What;s that thing soldiers get in war, PT something? Doctors are just starting to realise bc survivors can get it as well. Add to that for those of us with hormone positive cancers we go on to a hormone suppressant which also suppresses libido and we start feeling pretty darned useless.
More research into the mental state needs to be done and don't like my situation with the psychiatrist throw a mental pill at it that makes you even sicker in body while its trying to settle the mind. All I wanted was someone to listen to me and talk about things but nope here take this pill and see me in a few months. My mum says pray about it but that's still a one sided conversation. I really think my bc came due to me feeding it with the contraceptive pill and pure stress I had. I was once at my peak worth over 3 million dollars! Gosh I should write a book about the stuff that's happened. Thank goodness for this forum!5 -
Whilst I was upset in the weeks leading up to my surgery and some tears of misery during chemo. It was only after and back to work that I had those tears that just came from nowhere. And for me it was others stories too. It was facing the fear of what could have been, or even what might return. Acknowledging that is fine. It allows us to heal and move forward. I still have the odd day like that, especially when tired, but mostly I don't now.

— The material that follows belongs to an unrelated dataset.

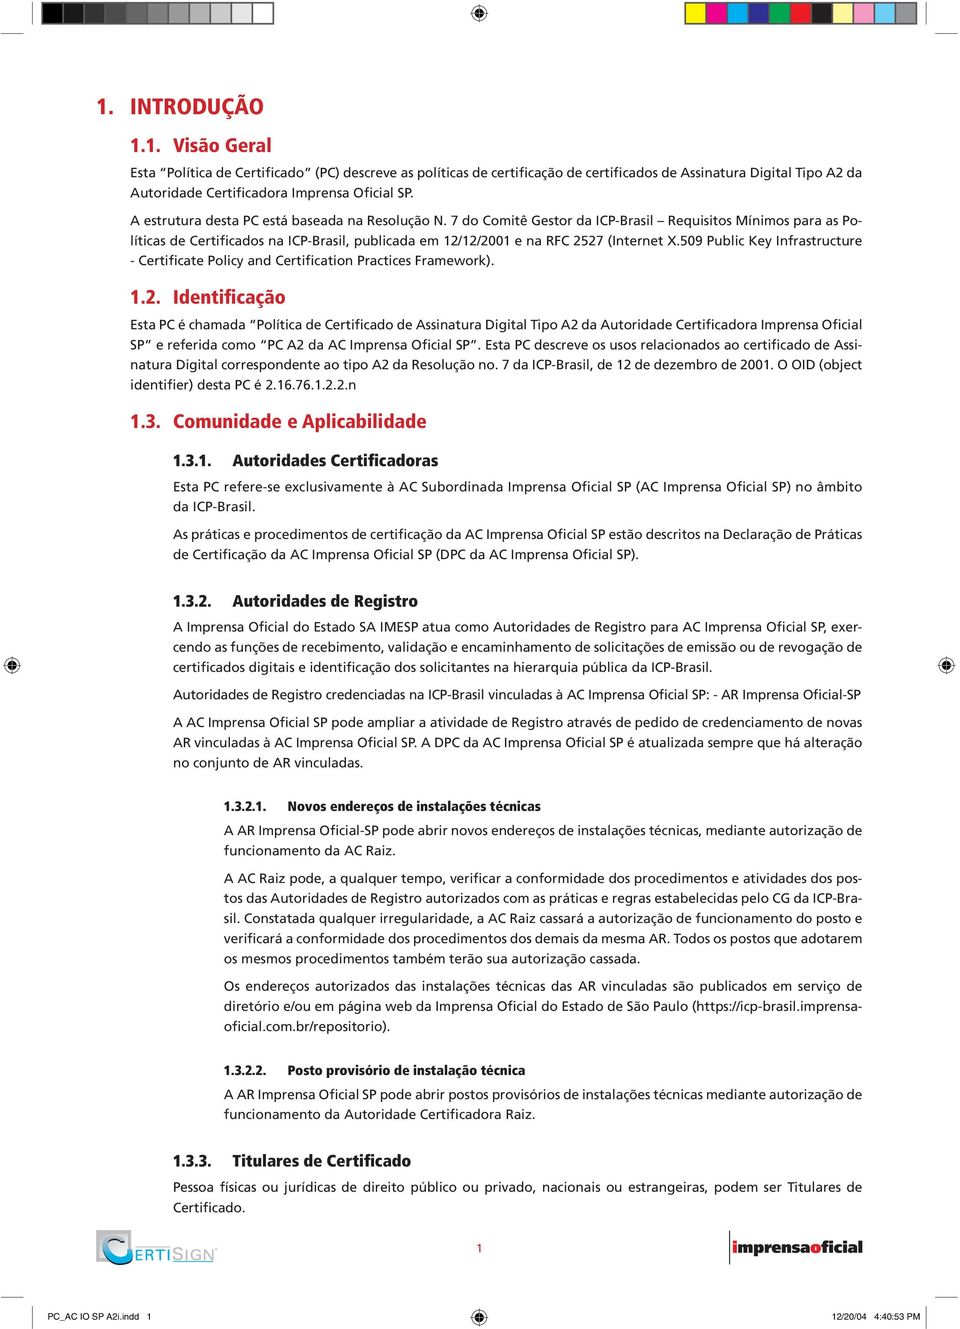 7 do Comitê Gestor da ICP-Brasil Requisitos Mínimos para as Políticas de Certificados na ICP-Brasil, publicada em 12/12/2001 e na RFC 2527 (Internet X.

Weirdly it's only now that I am really dealing with the loss of my breasts, 15 months on. (I seemed to have developed nipple envy) most days I don't think about it, but other days it's hard.
We all have different stories but we are united by a common thread...we have faced our mortality. ..and that leaves a scar we can't see.
Kath x7 -
@Cowgirl1
I can recall going to my first forum and I hated it. I sat through the day and those around me had no idea how I felt. All that said to me was I wasn't ready to sit in a group and listen to others. On here I can read stories or skim past; in control totally of the emotions. Don't feel guilty and let the emotions roll when they come. I haven't really been in that predicament; as my surgeon has said, I am as tough as old boots and was very accepting from the start.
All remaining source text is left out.